É preciso combater o gigantismo da máquina pública
*Samuel Hanan
Voltou à pauta, no Congresso Nacional, a
proposta de criação do estado do Tapajós, a partir da divisão do estado do
Pará, objeto de projeto de lei em discussão na Comissão de Constituição de Justiça
(CCJ) do Senado. A ideia não é nova – já foi rejeitada pela população paraense
em plebiscito realizado em 2011 – e remete a uma discussão maior: a questão do
gigantismo da máquina pública brasileira.
Segundo a proposta do senador
Siqueira Campos (DEM-TO), o novo estado do Tapajós ocuparia 43% do atual
território do Pará, cerca de 538 mil km², e teria 23 municípios, onde vivem
hoje cerca de 1,05 milhão de habitantes. O Produto Interno Bruto da região é de
R$ 18 bilhões, segundo dados de 2018.
Os defensores do projeto defendem
que a população da região do novo estado não é beneficiada pela pujança
econômica do Pará e precisa ser melhor atendida. É uma pretensão legítima, mas
pouco se fala do custo dessa medida. O estado do Tapajós teria 3 senadores, 8
deputados federais e 24 deputados estaduais. Isso significa a criação de uma
Assembleia Legislativa, com todas as despesas inerentes ao órgão. No Executivo,
haveria um governador, um vice-governador, cerca de 20 Secretarias de Estado –
com seus titulares, adjuntos, chefes de Gabinete e assessores. Demandaria,
ainda, a criação de Departamentos, Polícia Militar, Polícia Civil, estatais,
autarquias e tantos outros órgãos estaduais, além de Tribunal de Contas do
Estado, Ministério Público Estadual, Justiça Estadual e postos da Justiça
Federal.
É imensa a estrutura necessária
para a criação de um novo estado. Prédios, funcionalismo, veículos oficiais,
mobiliário, maquinário, equipamentos, redes lógicas, insumos, combustível,
consumo de água, energia elétrica, telefone e internet, eis uma nova máquina
pública para consumir os recursos advindos dos impostos pagos pela população.
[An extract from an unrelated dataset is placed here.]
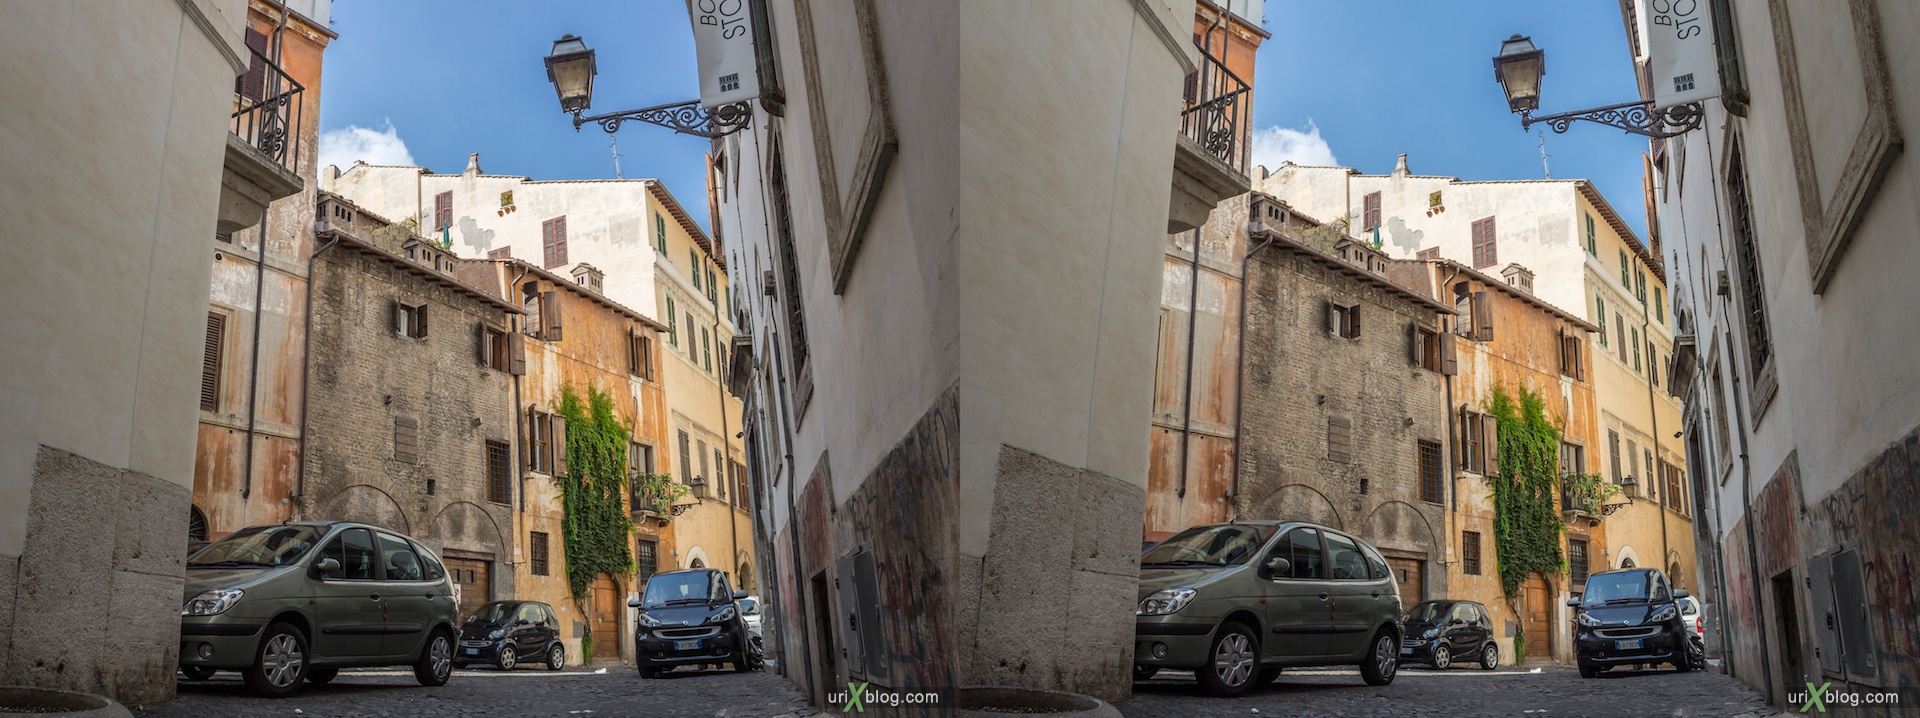 2012, vicolo degli Osti street, alley, 3D, stereo pair, cross-eyed, crossview, cross view stereo pair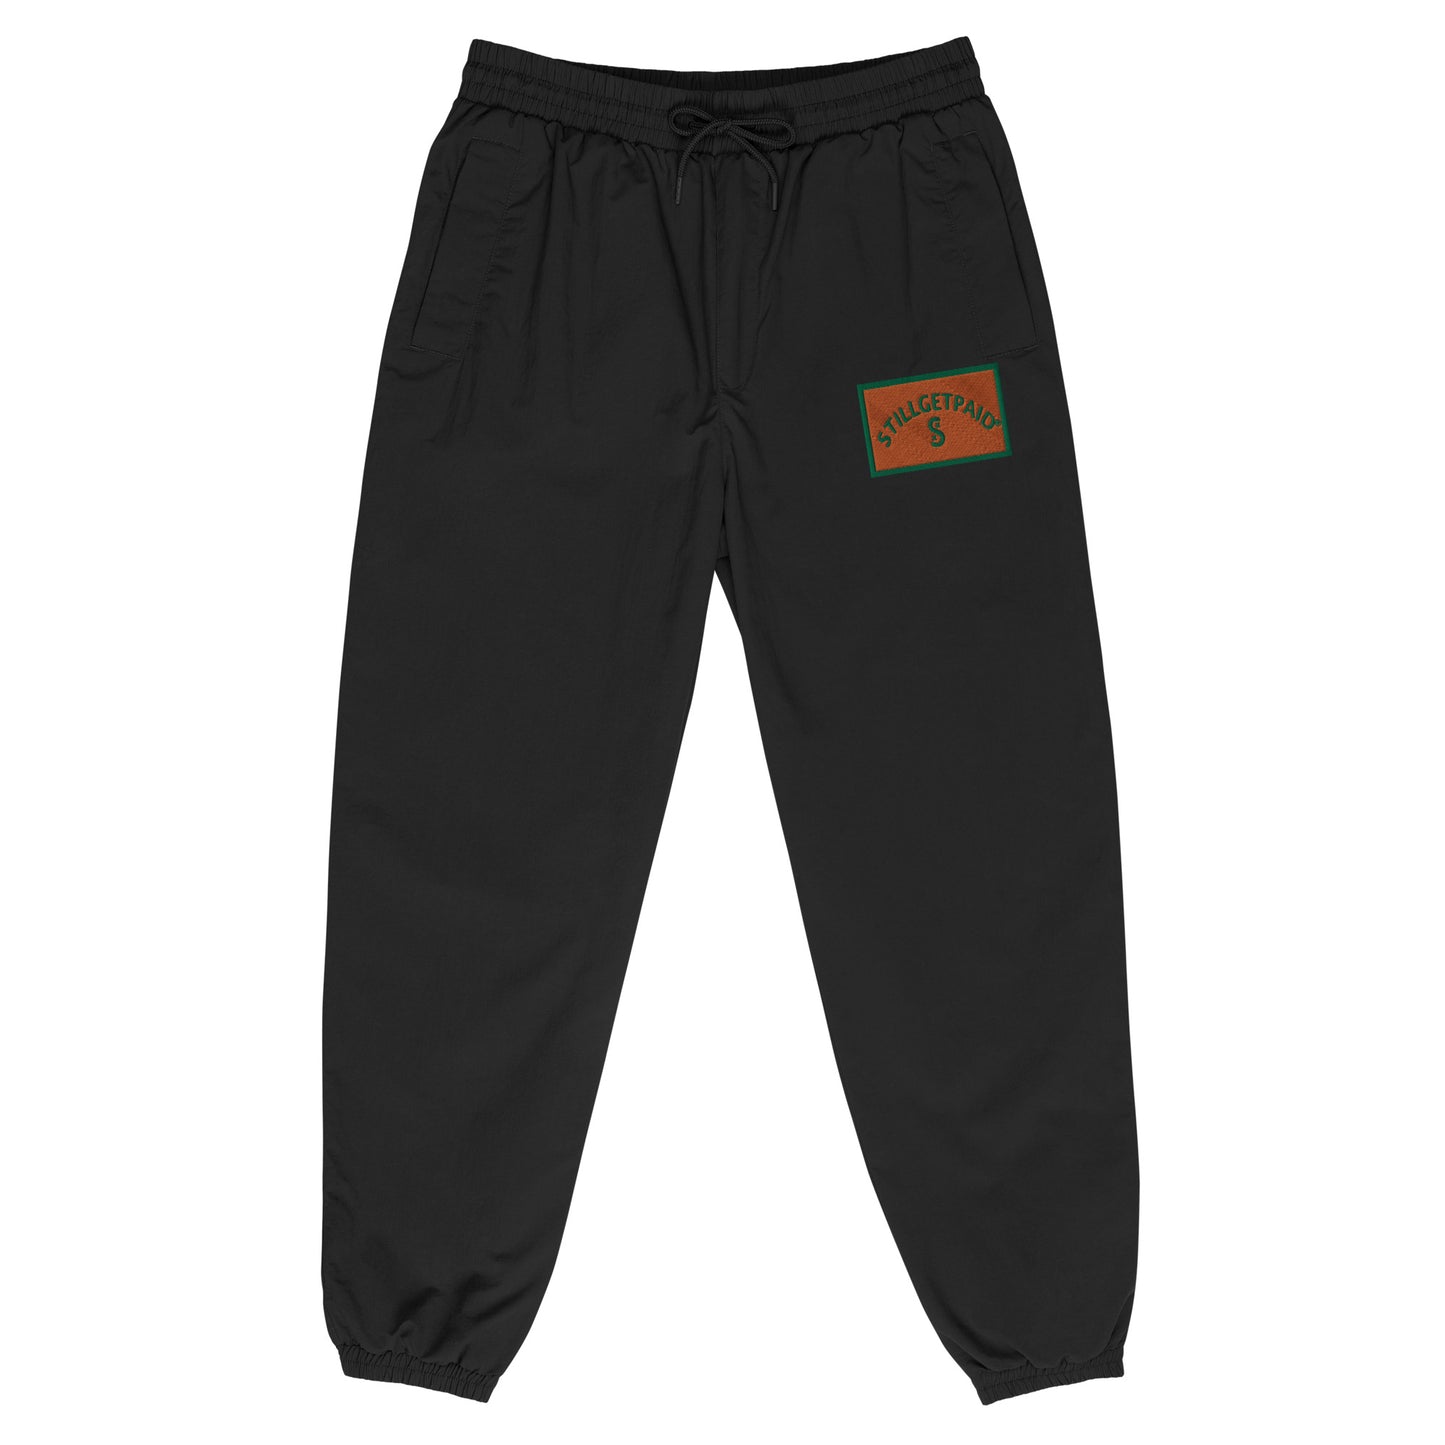 STILLGETPAID® APPAREL tracksuit trousers

Matematicamente falando, em uma fração em que o numerador (as receitas
tributárias) permanece igual e o denominador é aumentado (mais estados e
maiores custos da máquina pública), temos como consequência inexorável menor
quociente (serviços à população).
Resultado que não interessa ao
brasileiro. Levar adiante a proposta de criação de mais um estado
significa darmos outro passo na direção errada. Basta tomarmos como exemplo a
farra da criação de municípios ocorrida após a promulgação da Constituição de
1988. Quando a Constituição Cidadã entrou em vigor, o Brasil tinha 4.128
municípios. No ano 2000, portanto apenas 12 anos depois, esse número passou
para 5.507 municípios. E hoje temos 5.570. Assistimos, inertes, à germinação de
máquinas públicas caras, quase sempre ineficientes, e sem capacidade de se
auto-sustentar. É simples: 66,7% dos municípios brasileiros têm população
inferior a 8.400 habitantes e, desses, a maioria é dependente de repasses do
governo federal (FPM: IR e IPI) e dos governos estaduais (ICMS e IPVA). Apenas
71 cidades são responsáveis por 50% do PIB o que significa, em leitura
inversa,que 5.499 cidades ficam com os 50% restantes.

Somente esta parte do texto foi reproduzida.